Asymptomatic microscopic haematuria (microhaematuria, µH) is frequently detected in elderly adults [1]. The American Urological Association recommended the follow-up of subjects with µH, in particular on the development of bladder cancer [2,3]. Whereas gross haematuria (GH) is considered an important sign of the presence of bladder cancer, the disease-predictive value of µH is less clear. Only a few prospective studies assessed µH, and so far the positive predictive value (PPV) for subsequent bladder cancer is likely to be low as a result of other various sources of bleeding [4].

Screening for haematuria is feasible in at-risk populations together with tumour marker tests [5]. Haematuria can also be used to define at-risk groups for bladder-cancer screening [6]. Dipstick testing for filtered haemoglobin or myoglobin in fresh urine and microscopic analysis of red blood cells in the urine sediment are commonly applied detection methods [7]. Whereas several methodological issues such as sample degradation have been evaluated, predictors of µH and the interference of µH with tumour tests are less well explored.

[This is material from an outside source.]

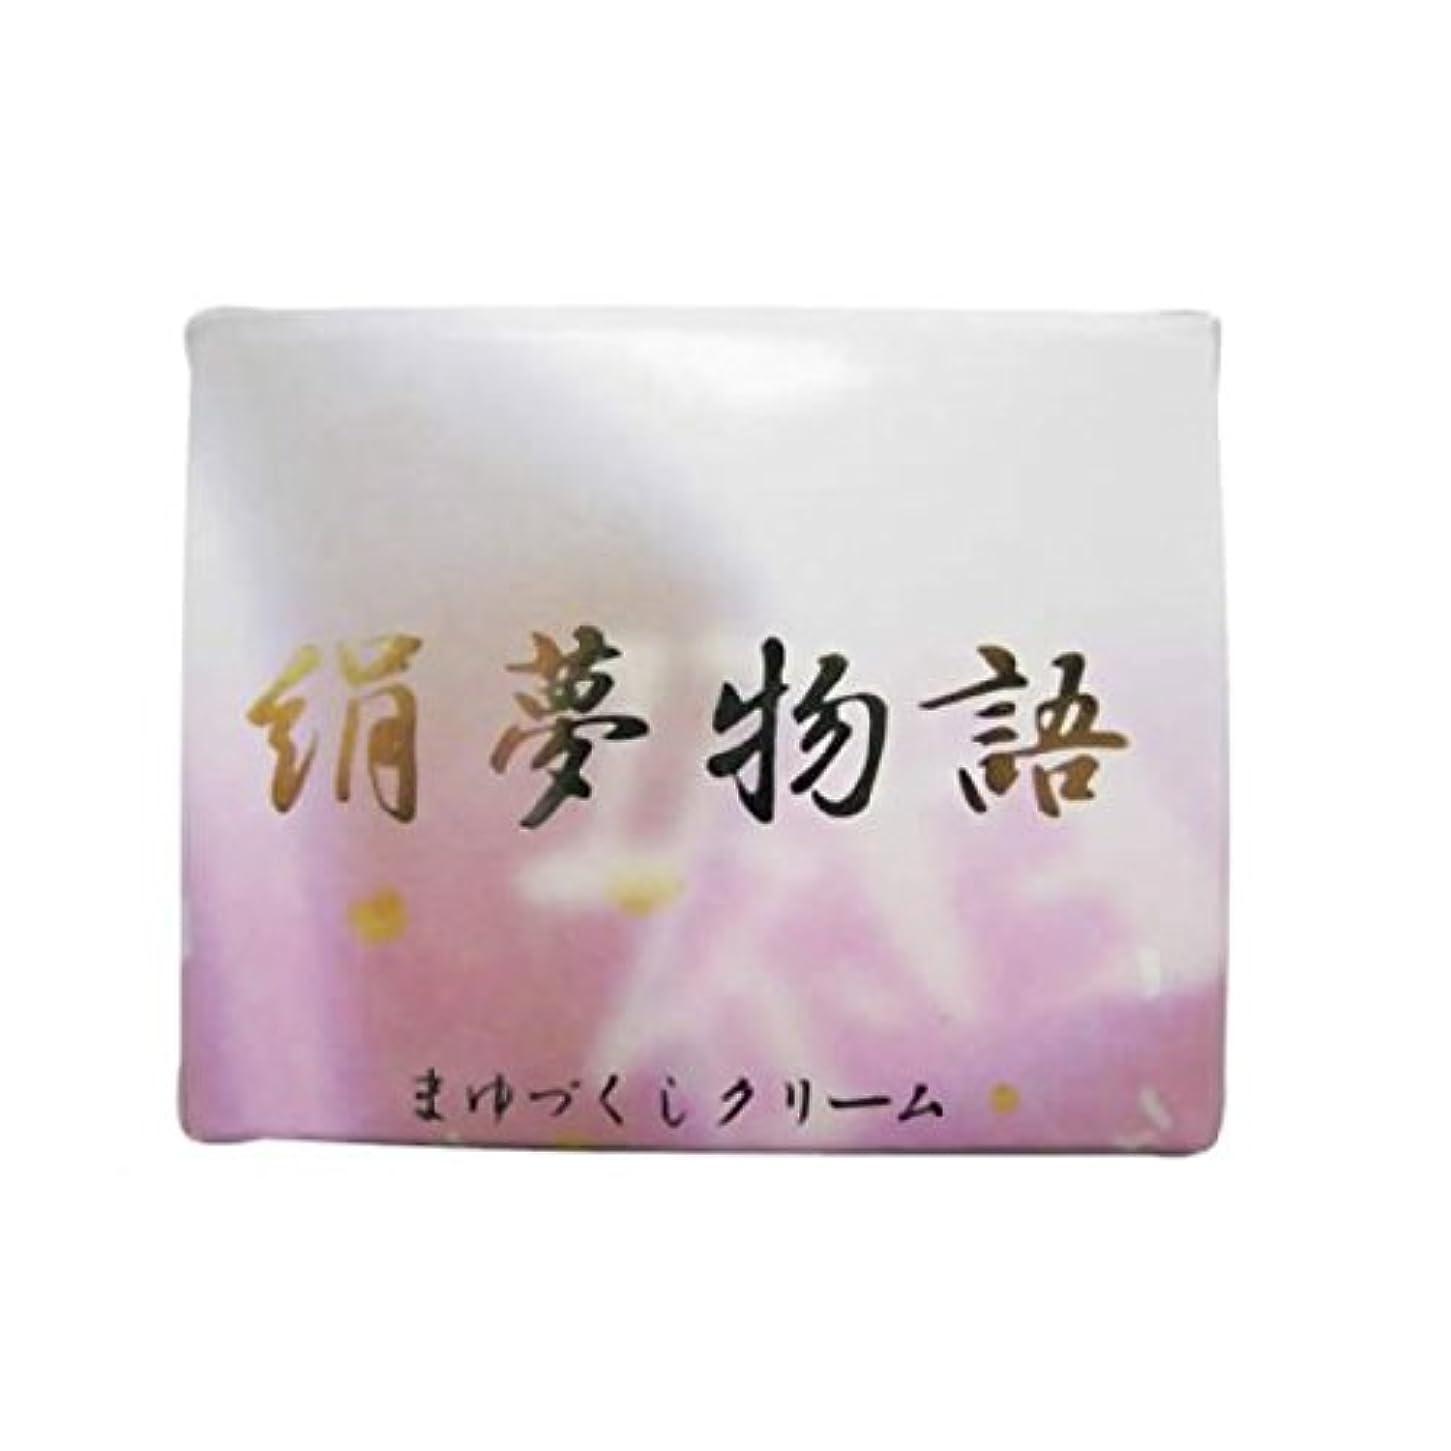 ブラウス楽観勢い【お徳用 2 セット】 絹夢物語 まゆづくしクリーム 35g×2セット

In order to assess the role of µH in bladder cancer screening and its association with tumour tests we analysed a subset of urine samples from the prospective study UroScreen. UroScreen is part of a surveillance programme of the German Social Accident Insurance (Deutsche Gesetzliche Unfallversicherung, DGUV) among subjects with a previous occupational exposure to aromatic amines.

SUBJECTS AND METHODS

STUDY POPULATION

Eligible participants of the prospective surveillance cohort UroScreen are subjects who were formerly exposed to aromatic amines in two chemical plants. From 2003 to 2010, 1772 subjects were annually invited by DGUV to take part in a voluntary screening programme for bladder cancer offered by the occupational medical service in charge for each company. Figure 1 presents the work flow of UroScreen. The quantitative determination of the urinary nuclear matrix protein 22 (NMP22) and the UroVysionTM test were offered in addition to urine cytology. Further, the investigation of the performance of survivin as a non-approved marker was part of the project but was not included in this analysis. A questionnaire was applied to document smoking habits and other relevant diseases. Approval was given by the ethics committee of the Eberhard-Karls-University of Tübingen (No. 1/2003V). All participants gave written informed consent.

Figure 1.

Work flow of the UroScreen study.

Participants with a urinary tract infection or insufficient cell yield in the urine sample were asked to repeat the investigation. Because of the low compliance for a second investigation we did not include repeated measurements in this analysis. Participants with at least one positive test result for cytology, UroVysion or NMP22 received a written recommendation for urethrocystoscopy on a voluntary basis. A positive result for survivin was not considered in diagnostic follow-up.

Haematuria was assessed with different methods in the two sub-cohorts. In the present study, data are presented from 1323 males from BASF where detailed urine-status information was available according to a common protocol until January 2010. The database comprised 5583 urine samples. As of January 2010, 15 tumours in 14 participants were detected. Reference pathology was performed for histological classification of the bladder lesions according to the WHO classification of 2004 [8].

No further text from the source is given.